У каждого свой путь. Бог – един. Но путь свой. Каждый ходит под Богом, но каждому свое устроение.
Взрослые люди делаются в монастыре ровно дети: шалят, говорят как дети, даже ведут себя детьми.
Монастырь привлекает людей не от мира сего, людей блаженных – больше, меньше – с дефектом каким-то социальным, человеческим, что не позволяет этим человекам! чувствовать себя удовлетворенными, живыми, счастливыми в обычном мире, полном людей, но часто оставленным Богом.
Люди здесь работают, как они сами любят говорить, – «во славу Божью».
Загорелся мосток к Никольскому скиту. Тушили всем миром.
Пьяный водитель, который первым увидел огонь, кричал во время тушения: «Это мой остров. Кому угодно шею перегрызу».
На Валаам приехала группа православных поляков (по крови поляков) из Польши. Они молятся и ставят свечи, как мы. На что они и говорят: «Мы – русские, но без государства…».
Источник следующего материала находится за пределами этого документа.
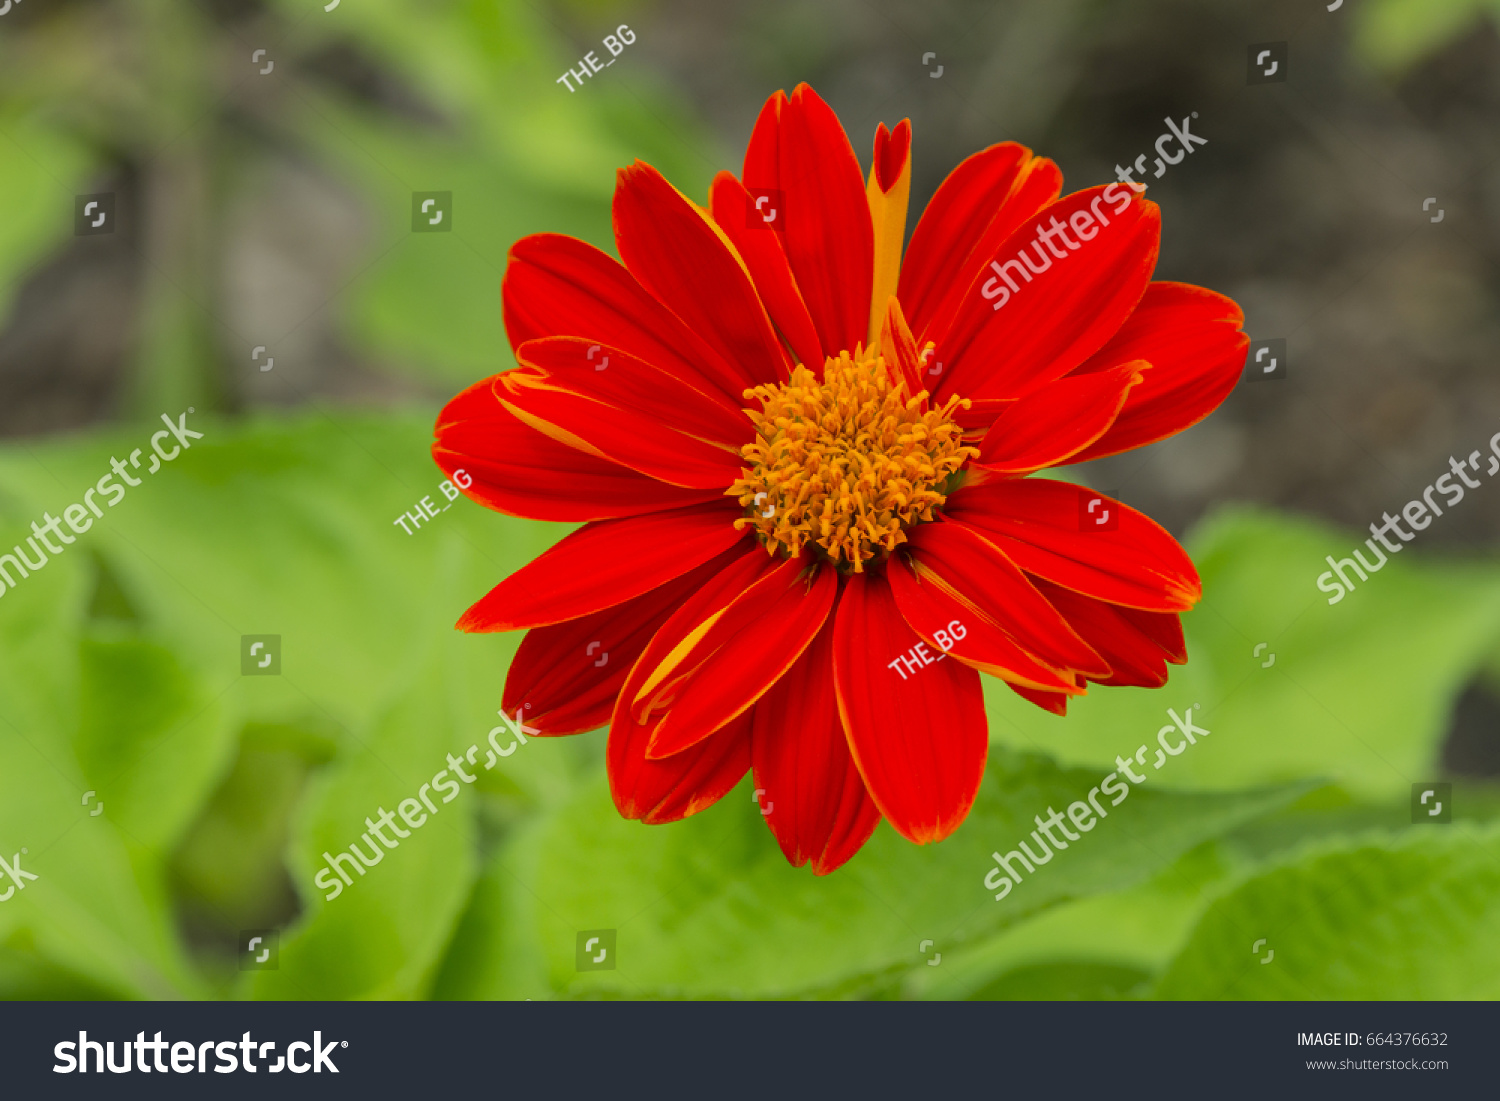 Tithonia Rotundifolia Mexican Sunflower Red Flower Stock Photo Edit Now 664376632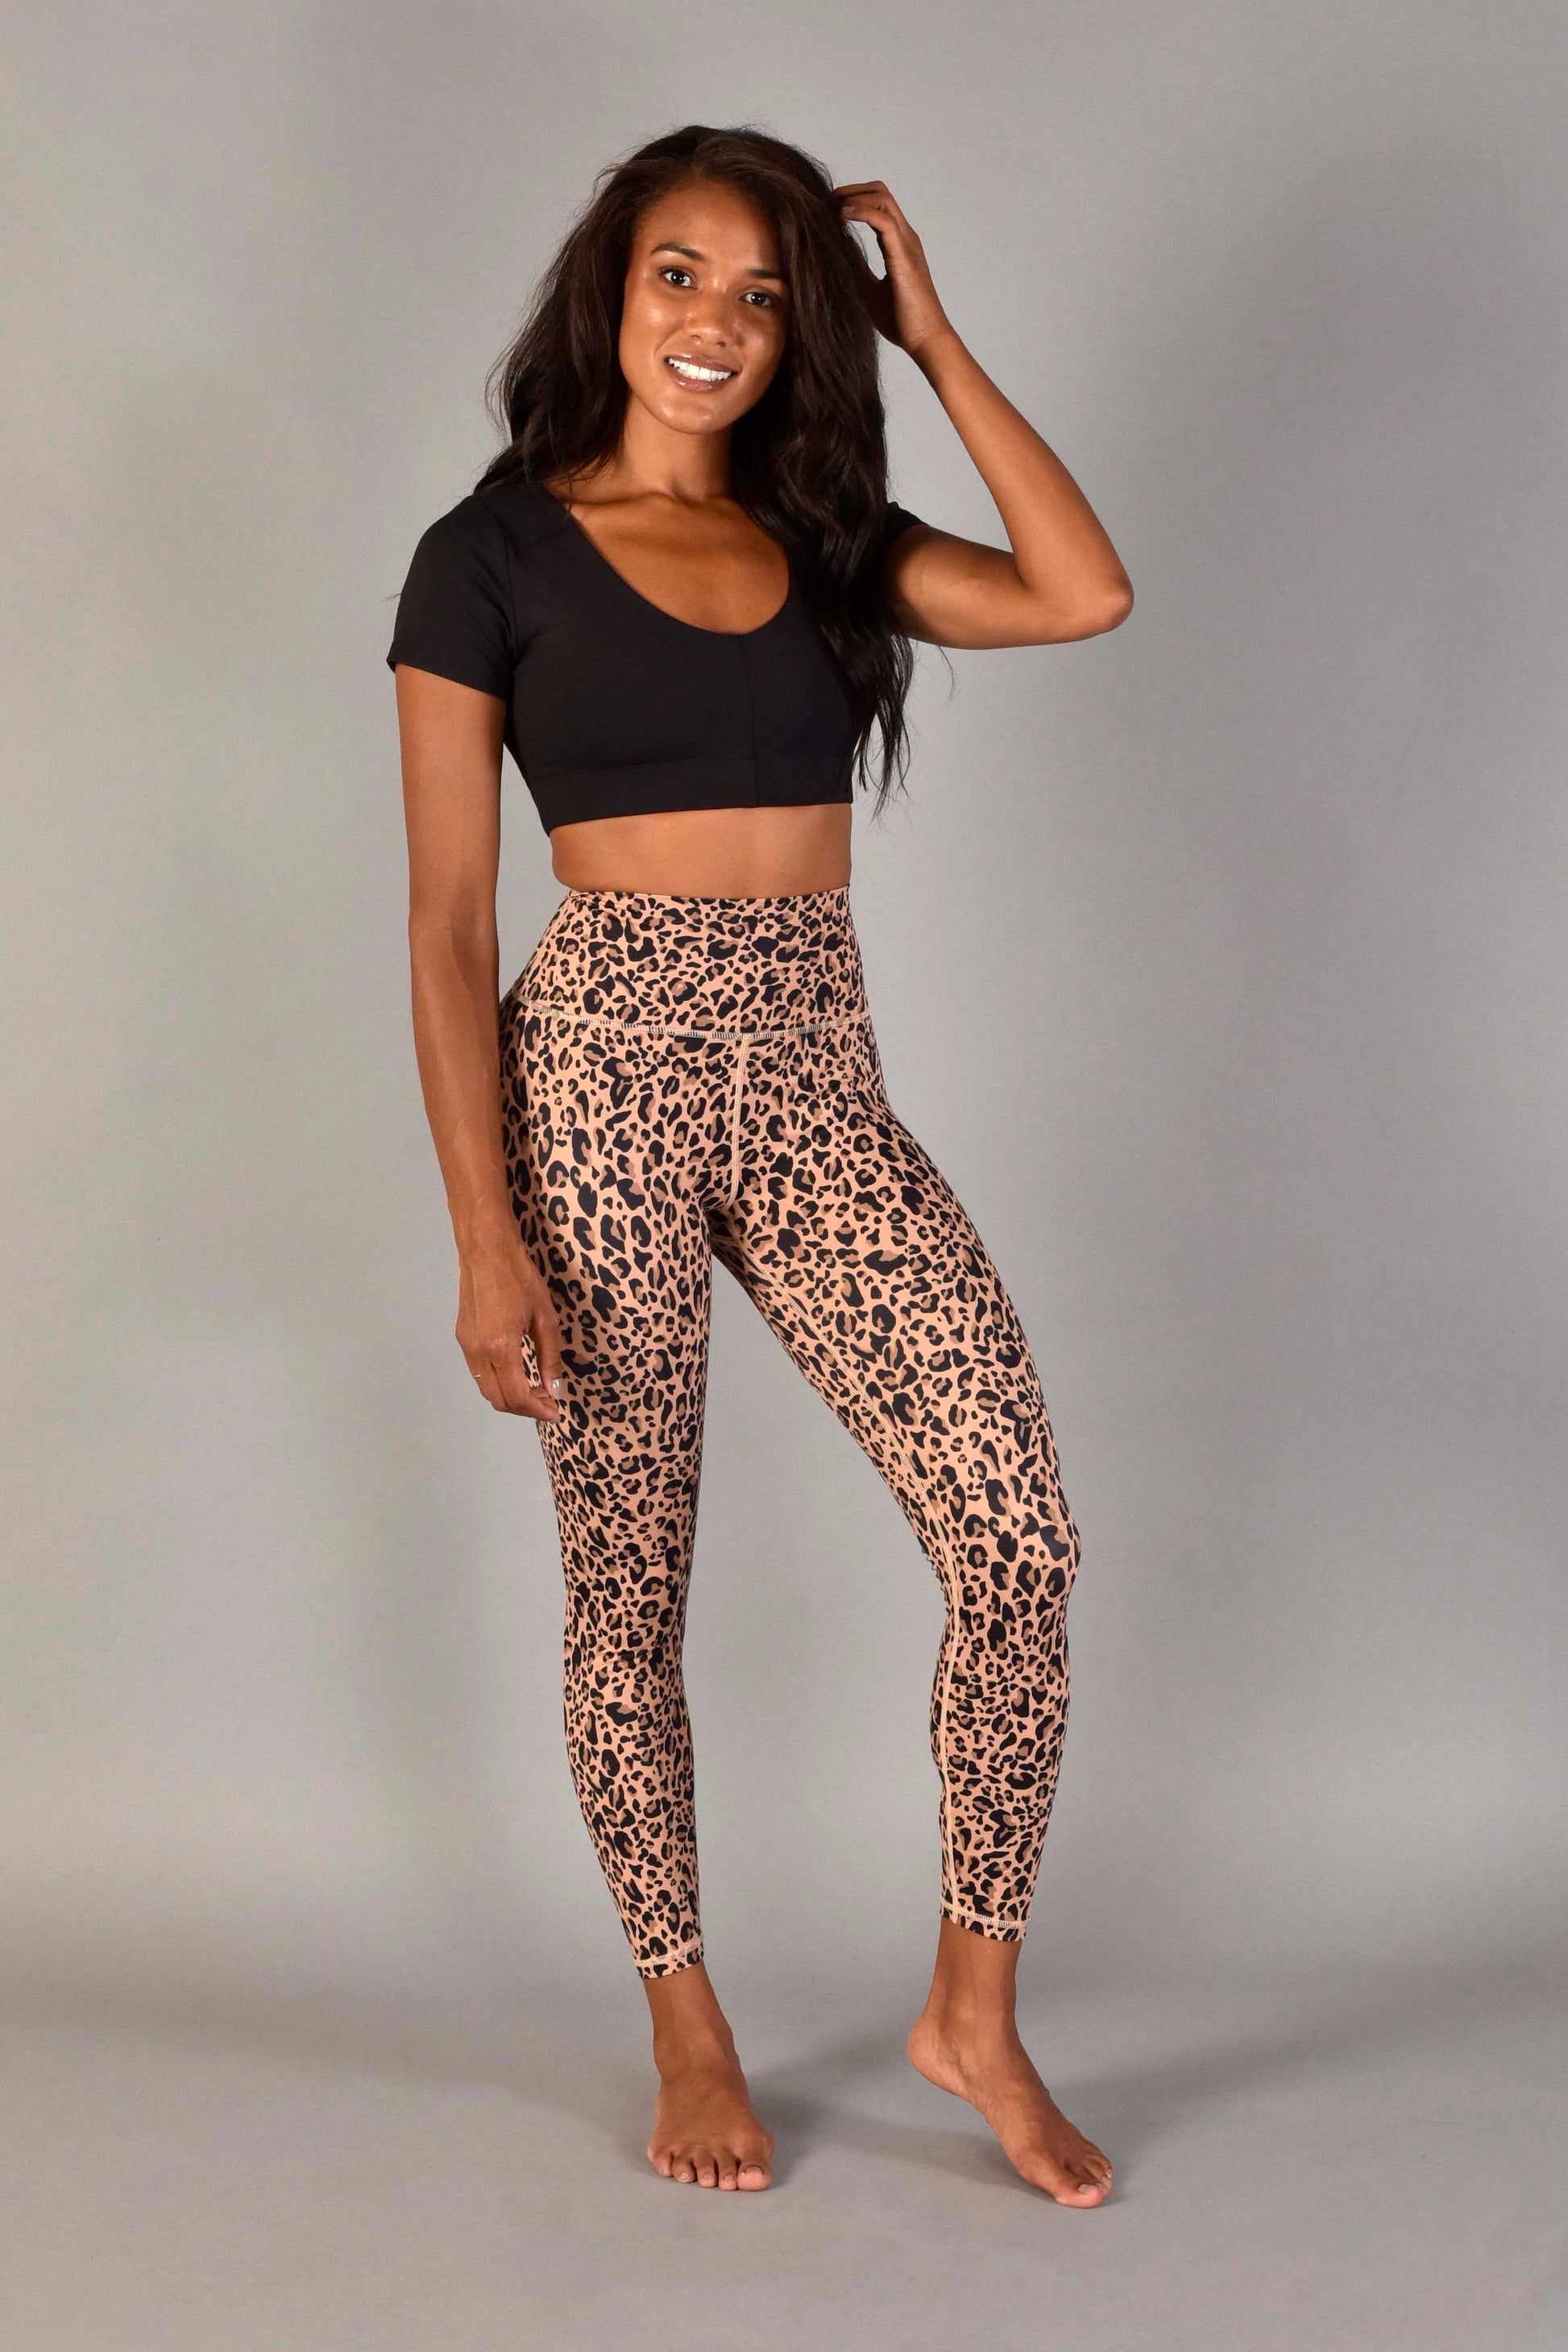 WEAR LOVE MORE Sustainable and Supportive Sports Bras.  Audrey Reversible Sports Top in Recycled Matte Black Core Compression.  V-neck Front View.  Paired with Nude Leopard Legging.

Валаамский монастырь на горушке стоит.
Чтобы к нему подняться, надо пройти по ступенькам вверх. Идти тяжко. Поднявшись, будто вдыхаешь новые силы, входишь в горние, получаешь силы новые, и начинаешь жить в ином измерении, ином темпе, иной силе.
И лишь вспоминаешь о будущей, грядущей обязанности спуститься вниз. Потом, спустившись, чувствуешь, понимаешь силу и напряжение, в которых ты жил, будучи в горнем.
Так и на пути в рай. Тяжко идти, тяжела юдоль. Но награда будет.
А как же легко спускаться с горушки.